How many lines in the entries below contain the word "Design"? Answer with the number and nothing else.

DATA EXTRACTS ->
═══
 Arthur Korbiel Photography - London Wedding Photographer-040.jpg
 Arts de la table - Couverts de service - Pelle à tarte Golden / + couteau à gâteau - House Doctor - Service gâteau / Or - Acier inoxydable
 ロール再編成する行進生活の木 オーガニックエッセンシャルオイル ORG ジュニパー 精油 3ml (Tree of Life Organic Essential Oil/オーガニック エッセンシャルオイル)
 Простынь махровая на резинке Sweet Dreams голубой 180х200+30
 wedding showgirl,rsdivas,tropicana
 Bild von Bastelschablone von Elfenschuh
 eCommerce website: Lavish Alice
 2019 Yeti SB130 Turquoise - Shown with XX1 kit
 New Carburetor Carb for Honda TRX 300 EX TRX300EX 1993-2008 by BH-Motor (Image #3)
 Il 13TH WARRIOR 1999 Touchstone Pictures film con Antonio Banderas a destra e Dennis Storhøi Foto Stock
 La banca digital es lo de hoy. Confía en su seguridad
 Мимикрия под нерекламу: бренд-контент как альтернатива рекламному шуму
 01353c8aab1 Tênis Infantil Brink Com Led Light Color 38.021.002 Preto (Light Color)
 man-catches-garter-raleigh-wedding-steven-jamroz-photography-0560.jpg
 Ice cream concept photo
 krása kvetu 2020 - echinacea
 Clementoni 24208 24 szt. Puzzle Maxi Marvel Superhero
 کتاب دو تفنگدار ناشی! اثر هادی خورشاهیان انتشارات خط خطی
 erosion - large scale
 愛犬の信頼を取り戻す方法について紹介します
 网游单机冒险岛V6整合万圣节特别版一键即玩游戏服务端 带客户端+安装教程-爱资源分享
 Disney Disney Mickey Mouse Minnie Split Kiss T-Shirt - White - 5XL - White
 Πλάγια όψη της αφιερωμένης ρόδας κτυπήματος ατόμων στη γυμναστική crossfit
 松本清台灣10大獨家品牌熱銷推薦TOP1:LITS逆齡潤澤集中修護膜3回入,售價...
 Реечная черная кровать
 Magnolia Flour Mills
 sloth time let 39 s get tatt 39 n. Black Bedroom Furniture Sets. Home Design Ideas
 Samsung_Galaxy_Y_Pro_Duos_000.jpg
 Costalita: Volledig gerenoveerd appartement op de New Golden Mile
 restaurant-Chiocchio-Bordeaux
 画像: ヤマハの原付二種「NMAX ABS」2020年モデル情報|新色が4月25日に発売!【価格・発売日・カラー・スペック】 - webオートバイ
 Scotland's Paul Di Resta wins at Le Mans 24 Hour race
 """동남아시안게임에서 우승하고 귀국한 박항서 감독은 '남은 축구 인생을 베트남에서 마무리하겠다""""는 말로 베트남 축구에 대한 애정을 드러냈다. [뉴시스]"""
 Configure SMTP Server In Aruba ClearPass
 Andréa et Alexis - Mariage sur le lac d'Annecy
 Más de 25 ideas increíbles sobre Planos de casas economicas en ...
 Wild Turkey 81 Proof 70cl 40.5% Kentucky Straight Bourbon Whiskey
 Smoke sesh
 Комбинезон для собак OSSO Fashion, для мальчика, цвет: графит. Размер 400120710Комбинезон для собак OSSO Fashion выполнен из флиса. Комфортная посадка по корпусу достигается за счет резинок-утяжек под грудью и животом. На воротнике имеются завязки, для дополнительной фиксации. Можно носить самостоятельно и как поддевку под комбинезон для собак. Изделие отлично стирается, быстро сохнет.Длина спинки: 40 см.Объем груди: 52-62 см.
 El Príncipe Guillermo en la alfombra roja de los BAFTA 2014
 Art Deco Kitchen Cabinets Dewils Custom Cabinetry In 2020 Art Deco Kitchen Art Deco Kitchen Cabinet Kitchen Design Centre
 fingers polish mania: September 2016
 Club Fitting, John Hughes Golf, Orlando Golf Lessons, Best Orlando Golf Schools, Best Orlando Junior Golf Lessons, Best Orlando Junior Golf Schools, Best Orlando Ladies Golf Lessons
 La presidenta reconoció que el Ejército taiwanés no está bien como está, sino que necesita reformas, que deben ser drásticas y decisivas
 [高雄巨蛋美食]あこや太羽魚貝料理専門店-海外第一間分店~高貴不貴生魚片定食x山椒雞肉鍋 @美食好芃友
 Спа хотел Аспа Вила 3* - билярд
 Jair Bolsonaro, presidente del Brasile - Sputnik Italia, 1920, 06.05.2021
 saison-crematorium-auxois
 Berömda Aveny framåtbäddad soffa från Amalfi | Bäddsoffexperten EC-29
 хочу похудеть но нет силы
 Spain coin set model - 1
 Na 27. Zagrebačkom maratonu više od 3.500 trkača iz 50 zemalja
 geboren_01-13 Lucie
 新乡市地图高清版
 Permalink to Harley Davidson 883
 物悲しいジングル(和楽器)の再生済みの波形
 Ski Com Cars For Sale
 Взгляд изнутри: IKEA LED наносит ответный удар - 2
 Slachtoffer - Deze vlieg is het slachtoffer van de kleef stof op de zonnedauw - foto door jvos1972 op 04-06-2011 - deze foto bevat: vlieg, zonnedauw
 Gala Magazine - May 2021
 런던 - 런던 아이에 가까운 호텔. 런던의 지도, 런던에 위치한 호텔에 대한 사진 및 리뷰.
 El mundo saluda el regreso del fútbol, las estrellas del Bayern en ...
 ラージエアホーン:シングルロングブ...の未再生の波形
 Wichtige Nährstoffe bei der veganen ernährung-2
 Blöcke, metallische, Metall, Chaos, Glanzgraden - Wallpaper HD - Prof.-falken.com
═══
THE COMPLETED TASK -> 2